- **Task to carry out**
Repeat the data that follows in full. Do not include the pictures.

- **Supplied material**

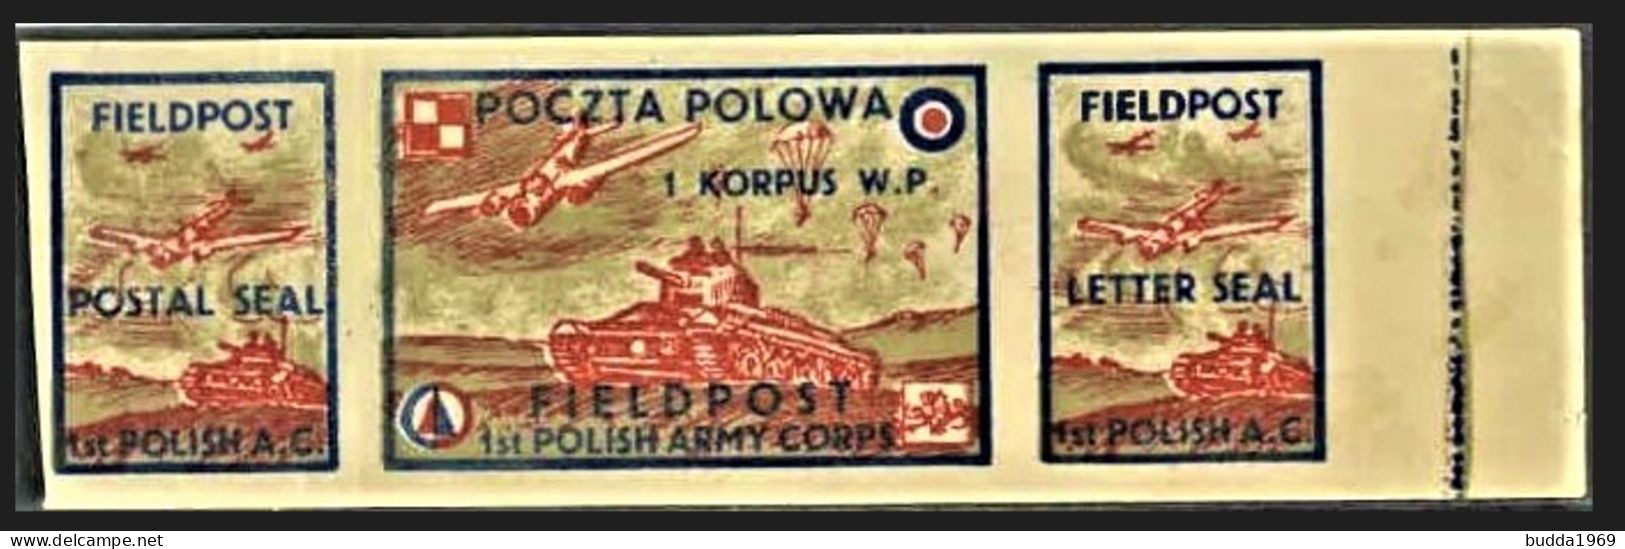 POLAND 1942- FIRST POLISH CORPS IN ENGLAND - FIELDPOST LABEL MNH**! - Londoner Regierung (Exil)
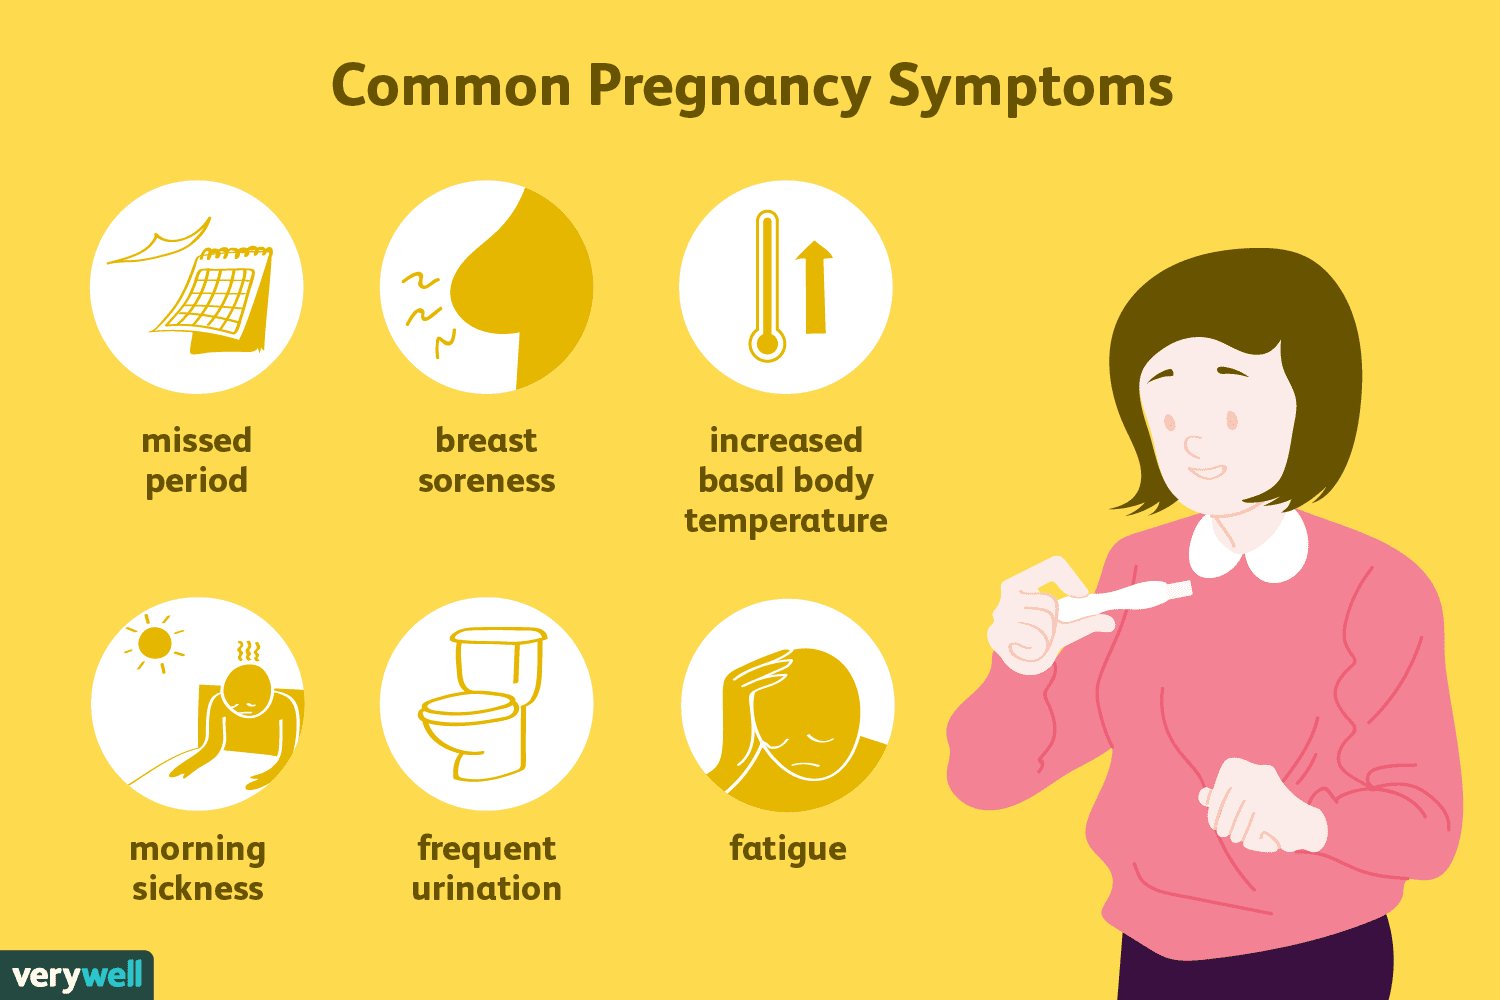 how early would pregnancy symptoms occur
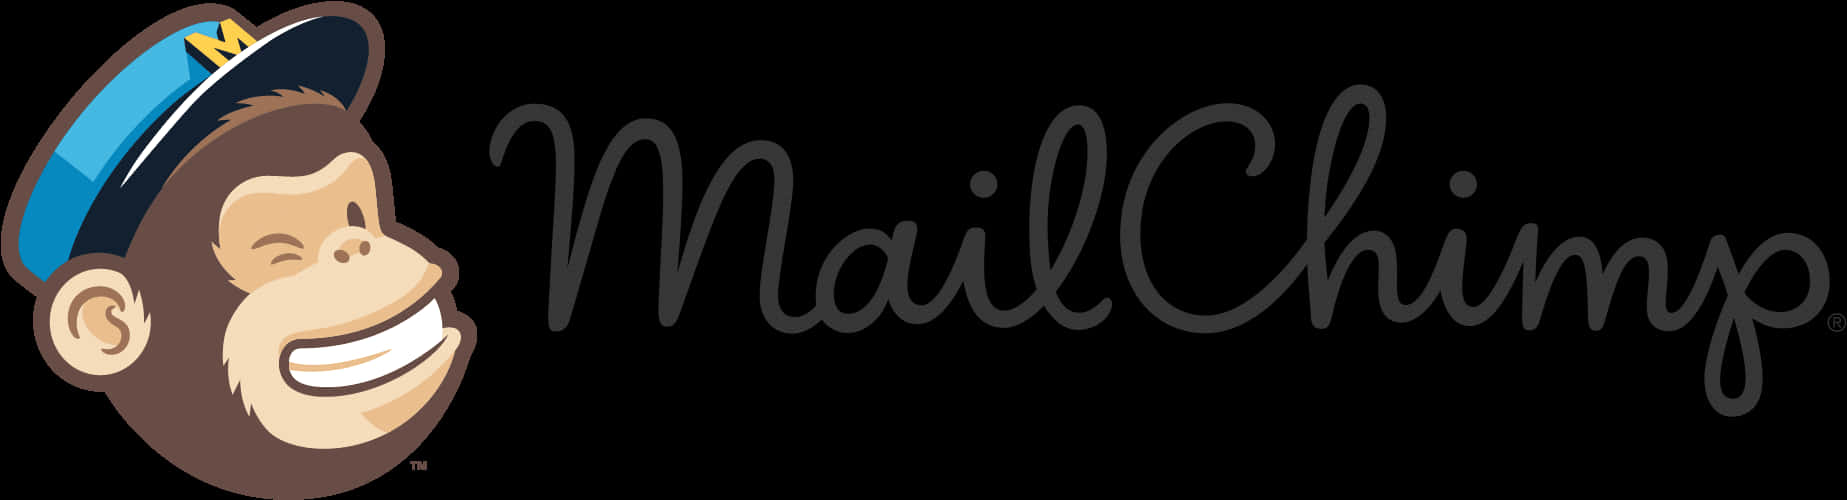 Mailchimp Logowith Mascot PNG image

- **Answer for this exercise**
 POLAND 1942- FIRST POLISH CORPS IN ENGLAND - FIELDPOST LABEL MNH**! - Londoner Regierung (Exil)
 how early would pregnancy symptoms occur
 Mailchimp Logowith Mascot PNG image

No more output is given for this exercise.